Setting: Late-effects oncology clinic at a large children's hospital in Sydney.
Subjects: 142 patients who had received irradiation to the thyroid from the 1970s onwards, who attended the late-effects clinic from May 1989 to December 1998.
Interventions: Thyroid palpation by an endocrinologist or surgeon, serum thyroid-stimulating hormone assay and thyroid ultrasound examination were performed on all subjects and, depending on findings, some subjects proceeded to fine-needle biopsy or surgery (total thyroidectomy). A few patients required adjuvant 131I administration.
Outcome measures: Radiation dose received; results of thyroid palpation; thyroid function tests; ultrasound findings; diagnosis of the abnormalities; and outcomes of surgical interventions.

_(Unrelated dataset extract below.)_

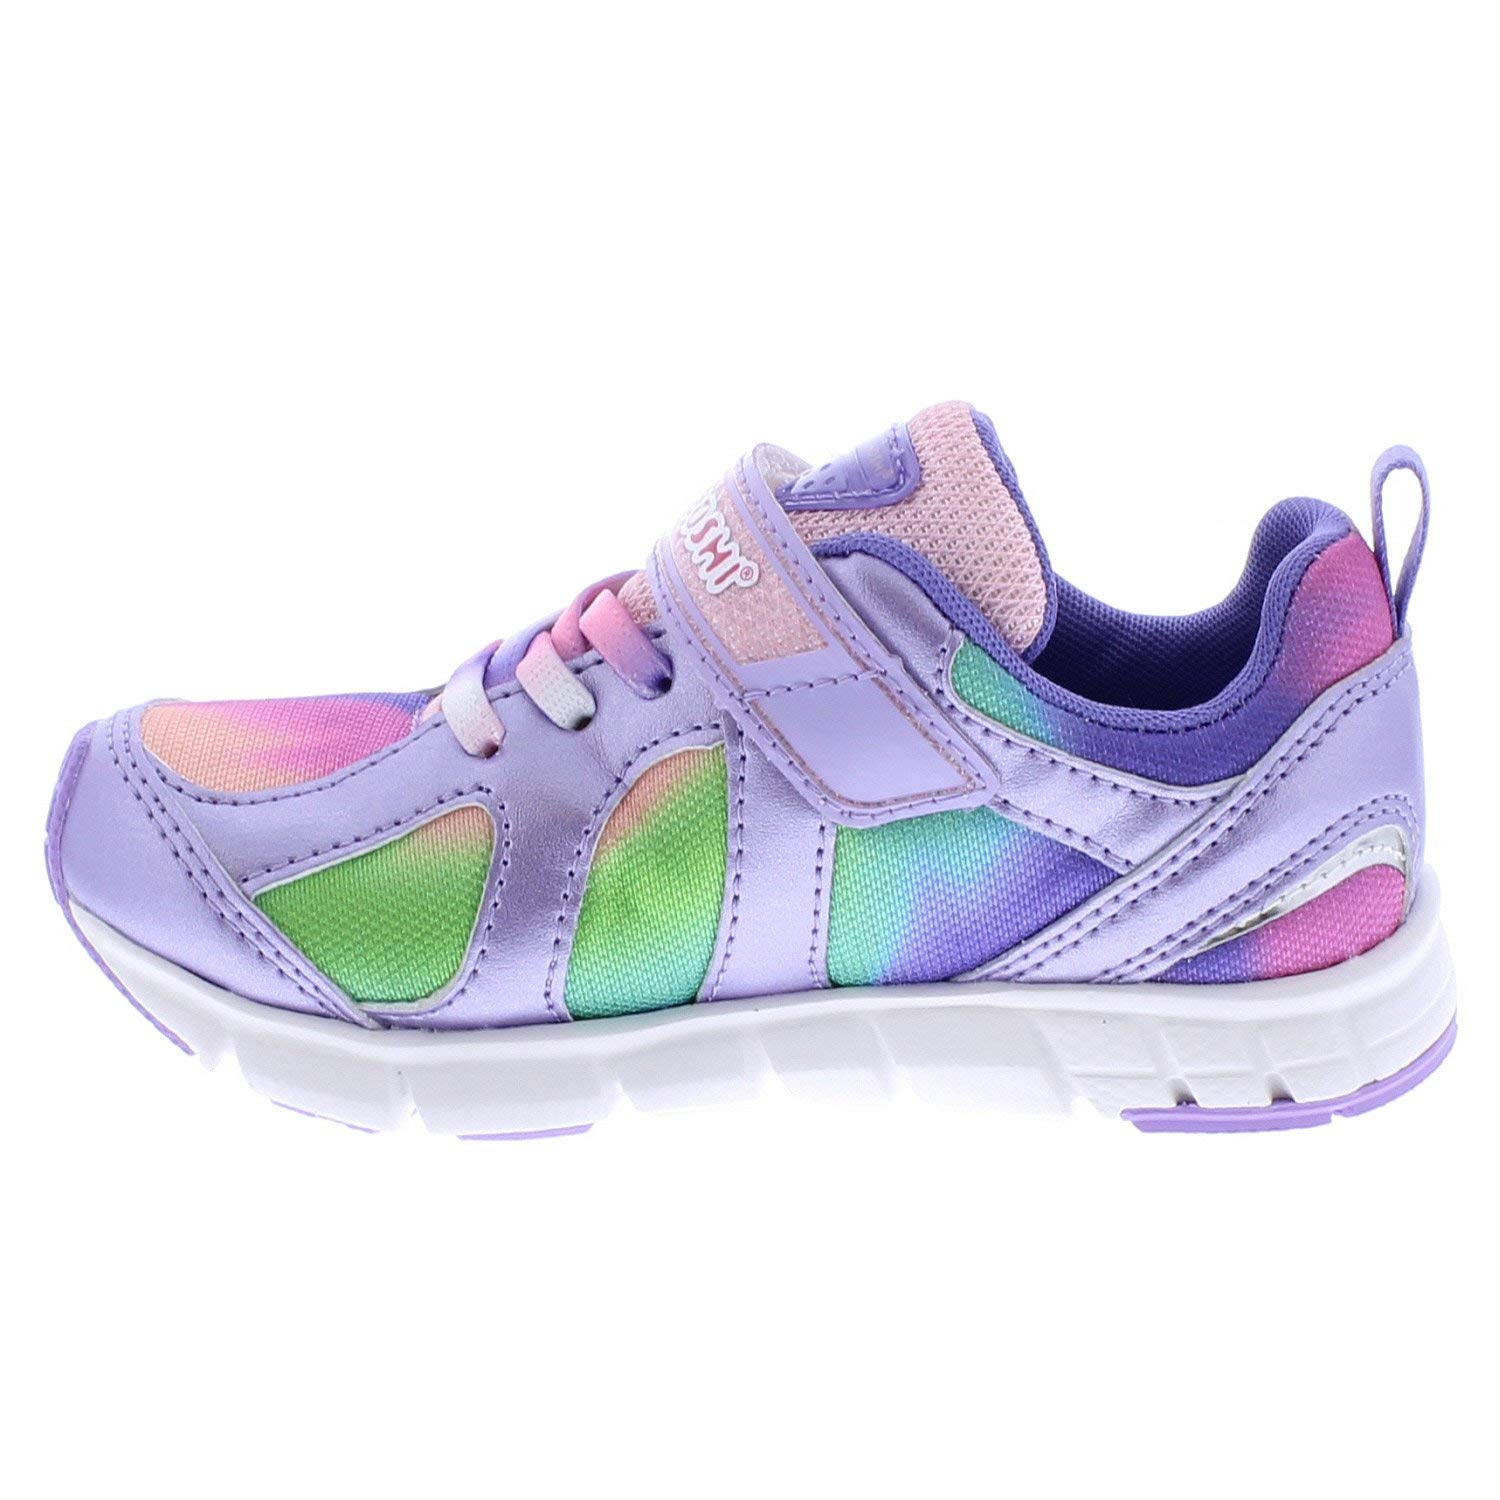 TSUKIHOSHI 3584 Rainbow Strap-Closure Machine-Washable Shoes for Boys and Girls with Wide Toe Box and Slip-Resistant, Non-Marking Outsole - Toddlers and Little Kids, Ages 1-8

Results: 49 subjects (24 of 65 patients who received scatter irradiation to the thyroid and 25 of 78 patients who received direct irradiation) had thyroid surgery. Of these, 12 in the scatter and six in the direct irradiation group were found to have thyroid malignancy. Fifty subjects with abnormal ultrasound results remain under surveillance. Having a palpable thyroid was predictive of malignancy, but age at original diagnosis, sex, current age, time since irradiation, radiation dose, nodule type and nodal involvement were not.
Conclusion: There is a significant risk of cancer in thyroid glands exposed to radiation as part of therapy for childhood cancer. This risk is greater for patients who received scatter (versus direct) irradiation. Nodular change is usually not apparent for many years, so lifelong surveillance is necessary. Palpation alone is not sufficient to detect thyroid cancer and thyroid ultrasound examination is recommended.